Corp Tax - Chapter 18 Flashcards
Sale of shares - seller
Chargeable gain - potential BADR
Management Buy outs
A management buyout (MBO) is where the managers of a company buy the shares or the trade and assets of the company to become shareholder directors.
Advantages of setting up a new company
Clean and no history
Disadv of new company
Losses do not transfer
Hive Down
This is an alternative way for a buyer (a third party or the MBO team) to acquire a clean company (with no history) but through a purchase of shares rather than a purchase of trade and assets. This method would also allow the buyer to acquire just part of the target company.
EOT
An EOT is a trust established for the purpose of holding shares in a company on behalf of the employees.
EOT Tax Incentives
CGT relief for the shareholders on the transfer of their shares into the
EOT. The disposal is treated as taking place at no gain/no loss.
The company can pay bonuses of up to £3,600 to each eligible employee per tax year, free from income tax. Class 1 NICs are still payable on these amounts
EOT Qualifying Conditions
Vendor is an individual or trust
Trading company
The transfer to the EOT must be of at least a controlling interest in the company, being more than 50% of the ordinary shares. Thereafter, the EOT must have power to control more than 50% of the votes and be entitled to more than 50% of the profits available for distribution and more than 50% of the assets on a winding up. Trustee control must be retained on an ongoing basis and failure to maintain continuous control will lead to a clawback of tax reliefs.
All employees apart from 5% holders.
There must be a significant change in the ownership of the company
Disqualifying Events actions
If the conditions are not met in either the tax year of the original disposal or the following tax year, the selling shareholders are treated as having never made a relief claim.
The gain which would have arisen on the disposal to the EOT then reverts to being chargeable. Any claims which could have been made at the time of the disposal (eg BADR) could now be made, assuming the time limit for the claim has not expired.

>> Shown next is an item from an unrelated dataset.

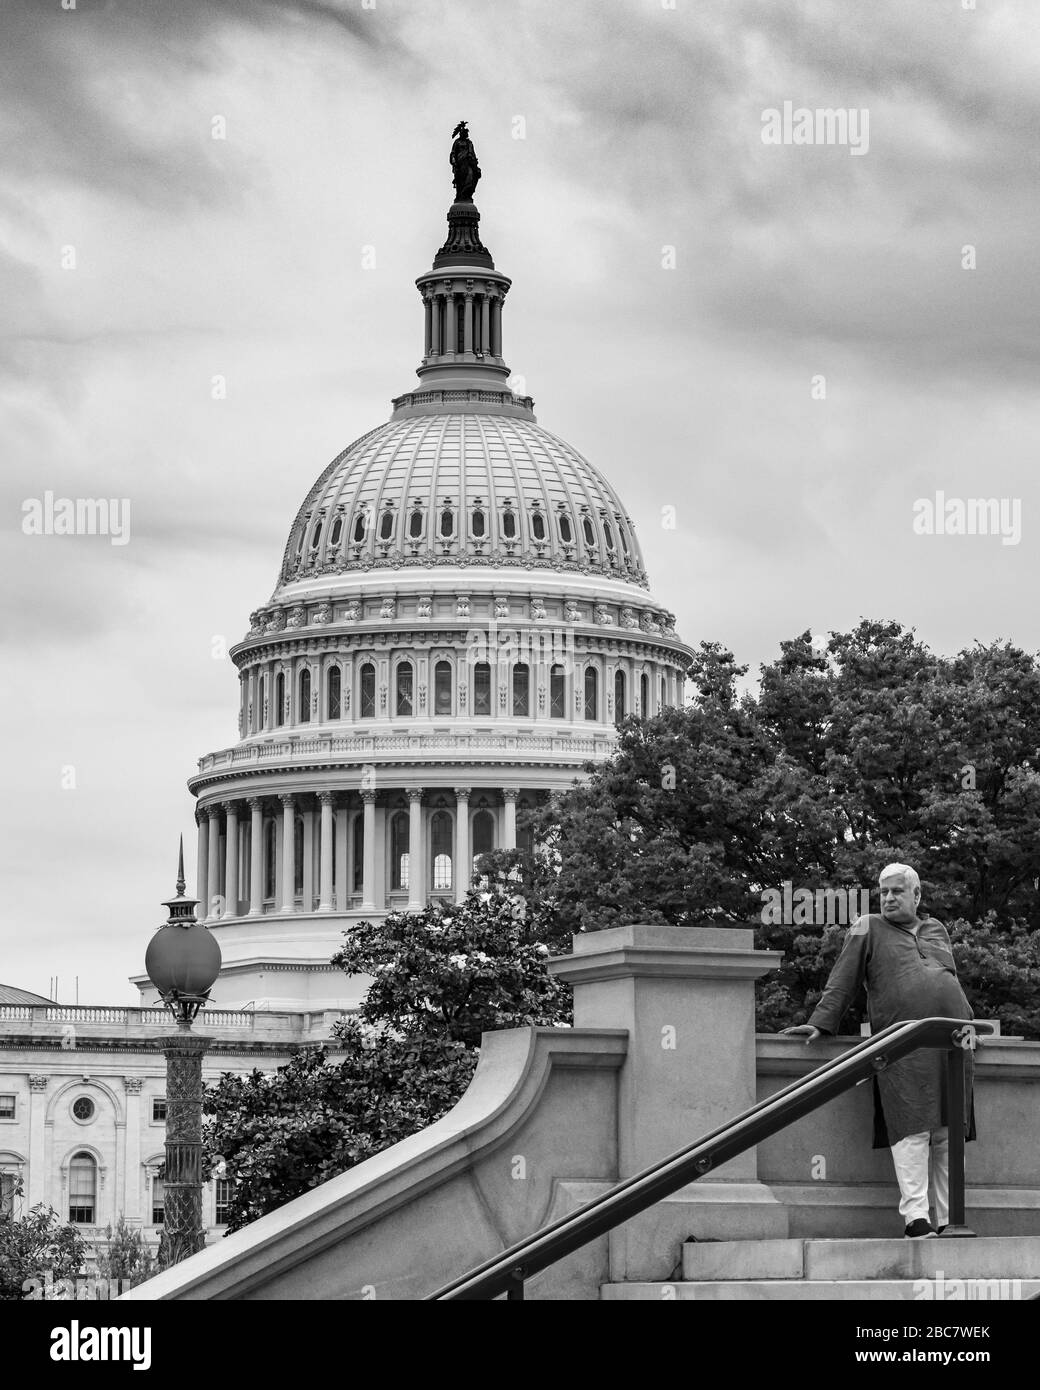 Un homme en shalwar Kameez se tient sur les marches de la Bibliothèque du Congrès avec le dôme blanc du Capitole américain comme toile de fond. Banque D'Images

If a disqualifying event happens after these two tax years, the trustees are treated as selling and immediately reacquiring the shares at market value, thus crystallising a gain in the hands of the trust.
Care must therefore be taken in situations where the disposal to the EOT is of just over 50% of the company’s shares, because any subsequent diluting events (such as raising money by issuing new shares or by the exercise of any share options) will potentially trigger chargeable gains.
Partnerships can also use an EOT by incorporating their business into a Newco (with incorporation relief duly taken under s.162 TCGA 1992) and the new shareholders subsequently selling their shares to the EOT.
Funding the EOT
The transfer of shares by the existing shareholders to the EOT is an arm’s length sale and the EOT must therefore pay for them.
Sale price < open MV of the shares
What makes EOT Attractive for sellers?
- no negotiation of sales price as the sale can take place at full market
value (giving the vendor(s) full value for their shares); - the sale can be organised relatively quickly;
- the vendor(s) can retain some shares and retain a management role going forward, should they so wish; and
- there is no issue with new owners potentially laying-off members of the existing workforce or fundamentally changing the direction or ethos of the company
Problem with retaining shares
You should note that if a vendor shareholder retains some shares, a further sale of shares to the EOT will not benefit from no gain/no loss treatment (although if 5% is retained, BADR will reduce the tax rate to 10%).
How will the EOT buy the shares?
The EOT will buy the shares in one of three ways (or by a combination):
- By borrowing from a bank or other third party with the company providing security.
[A loan from the company itself is not recommended as this would
give rise to a tax charge under the ‘loans to participators’ rules)
- By the company giving money to the trustees to fund the transaction (for which a corporation tax deduction is available).
- By surplus cash in the company funding the initial payment with the balance being paid by instalments (paid out of future company profits).
Will Stamp Duty be paid?
The trust will also have to pay stamp duty on the acquisition (at 0.5% of the agreed consideration). This will also need to be funded.
Benefits of EOTs
The main benefits of using an EOT are as follows:
* There are tax incentives (the CGT-free and ‘hassle-free’ exit for the vendor(s) is particularly attractive).
- The formers owners can retain shares and keep Board positions, enabling them to pass on the culture and values of the business before stepping aside altogether.
- Employee ownership leads to a more highly motivated workforce and helps staff retention. It can also act as a useful recruitment tool.
- There is the possibility of a tax-free bonus up to £3,600 per annum.